Wal-mart CEO Mike Duke said shoppers at the low-cost retailer are "running out of money" faster than they did a year ago likely do to rising fuel costs, reports CNNMoney.

The national average for a gallon of gas is pushing $4 -- levels not seen since crude oil spiked to $147 back in 2008. West Texas Intermediate (WTI) hit $113.70 a barrel during trading yesterday and closed at a new 31-month high after Federal Reserve Chairman Ben Bernanke's first-ever press conference where he said the Fed will continue to keep interest rates low. (See: Bernanke Speaks! Fed Chair Defends QE2, Says Inflation Not His Fault)

Bernanke also confronted surging oil and gas prices. Critics have blamed the Fed's loose monetary policy for driving up oil prices — and commodity prices all around -- but Bernanke basically laid that blame on the uprisings across the Middle East and North Africa.
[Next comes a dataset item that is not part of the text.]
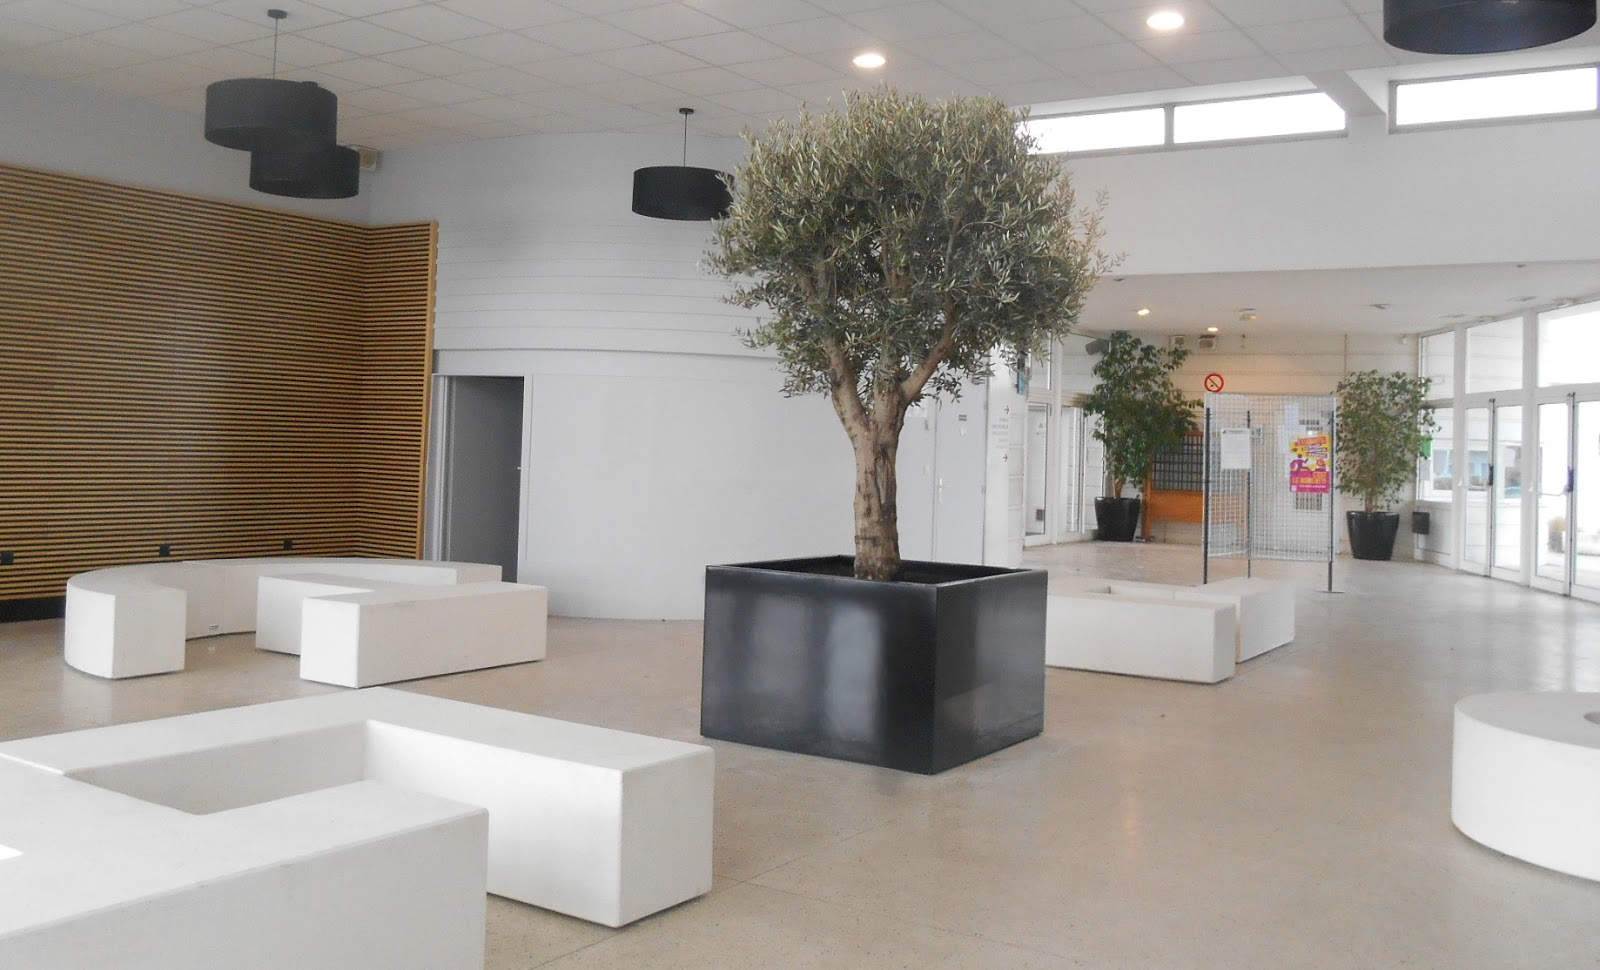 galerie photos bacs sur mesure image 39 in le bac arbre indoor image 39 in. Black Bedroom Furniture Sets. Home Design Ideas

"On the supply side, as everybody knows who watches television, we have seen disruptions in the Middle East and North Africa, Libya and other places that have constrained supply," he said. "That supply is not made up and that has in turn driven up gas prices significantly."

Daniel Weiss, senior fellow and director of climate strategy for the left-leaning Center for American Progress, is of a slightly different opinion.

"Chairman Bernanke had it mostly right," he tells Aaron in the accompanying interview. "But the reason why prices are going up due to instability in the Middle East is that speculators are playing on the fears of oil end users that there is going to be a future supply disruption, and therefore they are able to bid up the price of oil to make a quick buck."

Contrary to Bernanke's claim about limited oil supplies, Weiss says "there is no fundamental reason that oil prices have gone up by a third in the last two months" due to supply because Saudi Arabia "more than made up" for any supply shortages. Additionally, U.S. oil reserves are the "highest they have been in five years."

Earlier this month, Goldman Sachs released a note to clients that put a number on the impact speculators were having on the price of crude oil. The report indicated that, at the time, the speculation premium was $27 per barrel of crude oil, which hit $113.46 during early trading that same day.

In a new article titled, Oil Roulette: Rising Oil Prices Harm American Families but Enrich Serial Speculators, Weiss lays out how the Commodity Futures Trading Commission (CFTC) and other federal agencies can reduce the impact on speculators. His recommendations include the following:

  • Investigate Speculative Fraud
  • Raise Margins on Speculative Oil Contracts
  • Heighten Margin Requirements for Speculators
  • Establish "position limits" to Reduce Potential for Abuse
  • Appoint a CFTC commissioner Who Advocates Strong Speculator Limits
  • Charge a Fee For Speculator Trades

One catch to these recommendations is that Republicans in Congress have been trying to limit funding for the CFTC. In February, almost all House Republicans voted in favor of a budget proposal for fiscal 2011 that would have cut the agency's funding by a third. The budget bill was overturned, but there is still movement afoot to cut appropriations for the CFTC.

Weiss compares this stripping of funds to "taking cops off the beat in the middle of a crime wave."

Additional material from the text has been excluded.